Re: [PATCH] kexec: change locking mechanism to a mutex

From: Eric DeVolder
Date: Fri Sep 22 2023 - 13:35:51 EST




On 9/22/23 11:28, Valentin Schneider wrote:
On 21/09/23 17:59, Eric DeVolder wrote:
The design decision to use the atomic lock is described in the comment
from kexec_internal.h, cited above. However, examining the code of
__crash_kexec():

if (kexec_trylock()) {
if (kexec_crash_image) {
...
}
kexec_unlock();
}

reveals that the use of kexec_trylock() here is actually a "best effort"
due to the atomic lock.

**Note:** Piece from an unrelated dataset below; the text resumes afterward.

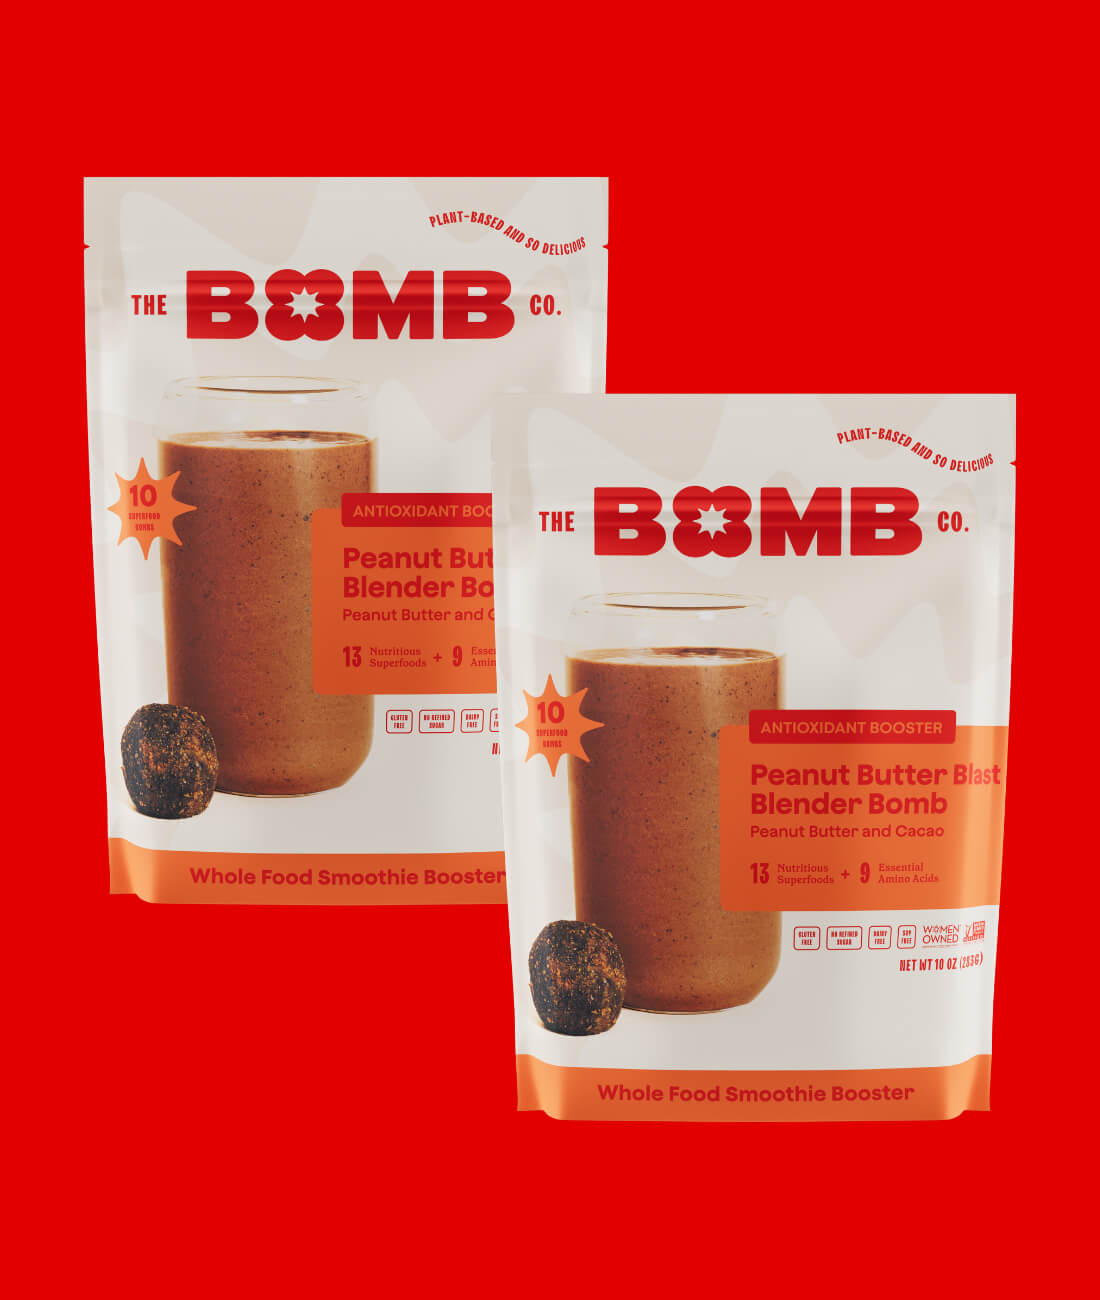 http://thebombco.com/cdn/shop/files/peanut-butter-blast-blender-bomb-2.jpg?v=1699977676
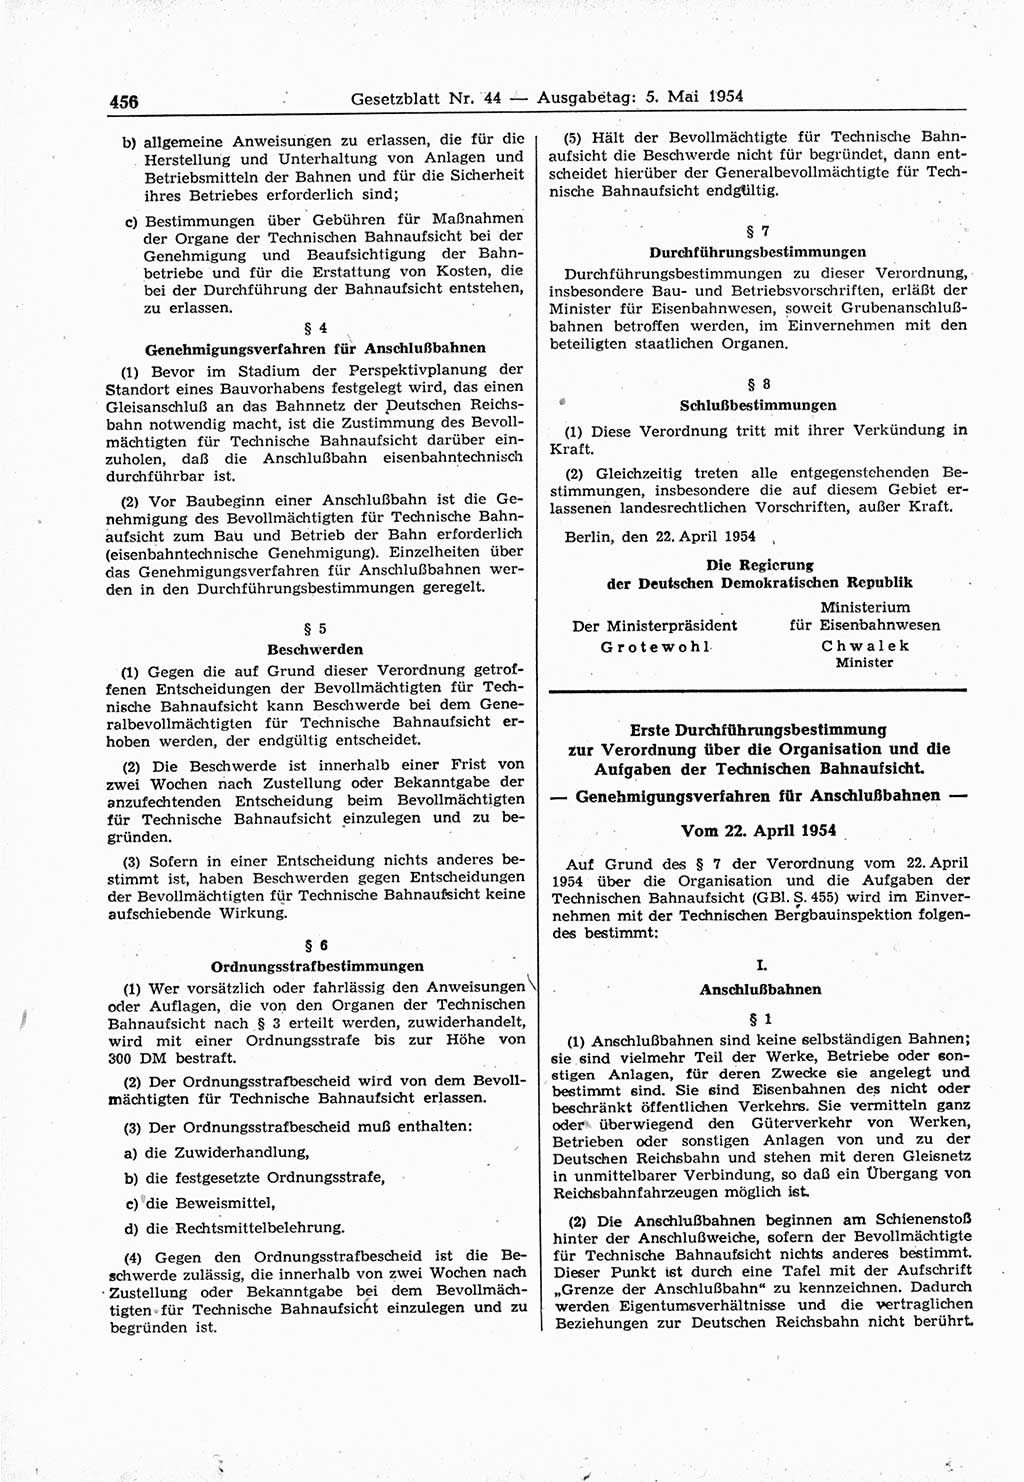 Gesetzblatt (GBl.) der Deutschen Demokratischen Republik (DDR) 1954, Seite 456 (GBl. DDR 1954, S. 456)

This atomic lock, prior to crash hotplug,
would almost always be assured (another kexec syscall could hold the lock
and prevent this, but that is about it).

So at the point where the capture kernel would be invoked, if the lock
is not obtained, then kdump doesn't occur.

It is possible to instead use a mutex with proper waiting, and utilize
mutex_trylock() as the "best effort" in __crash_kexec(). The use of a
mutex then avoids all the lock acquisition problems that were revealed
by the crash hotplug activity.


@Dave thanks for the Cc, I'd have missed this otherwise.


Prior to the atomic thingie, we actually had a mutex and did
mutex_trylock() in __crash_kexec(). I'm a bit confused as this looks like a
revert of
05c6257433b7 ("panic, kexec: make __crash_kexec() NMI safe")
with just the helpers kept in - this doesn't seem to address any of the
original issues regarding NMIs?

Sebastian raised some good points in [1] regarding these issues.
The main hurdle pointed out there is, if we end up in the slowpath during
the unlock, then we can can up acquiring the ->wait_lock which isn't NMI
safe.

This is even worse on PREEMPT_RT, as both trylock and the unlock can end up
acquiring the ->wait_lock.

[1]: https://lore.kernel.org/all/YqyZ%2FUf14qkYtMDX@xxxxxxxxxxxxx/

Having reviewed the references, it would seem that Baoquan's approach of a new
lock to handle the hotplug activity is the way to go?
Eric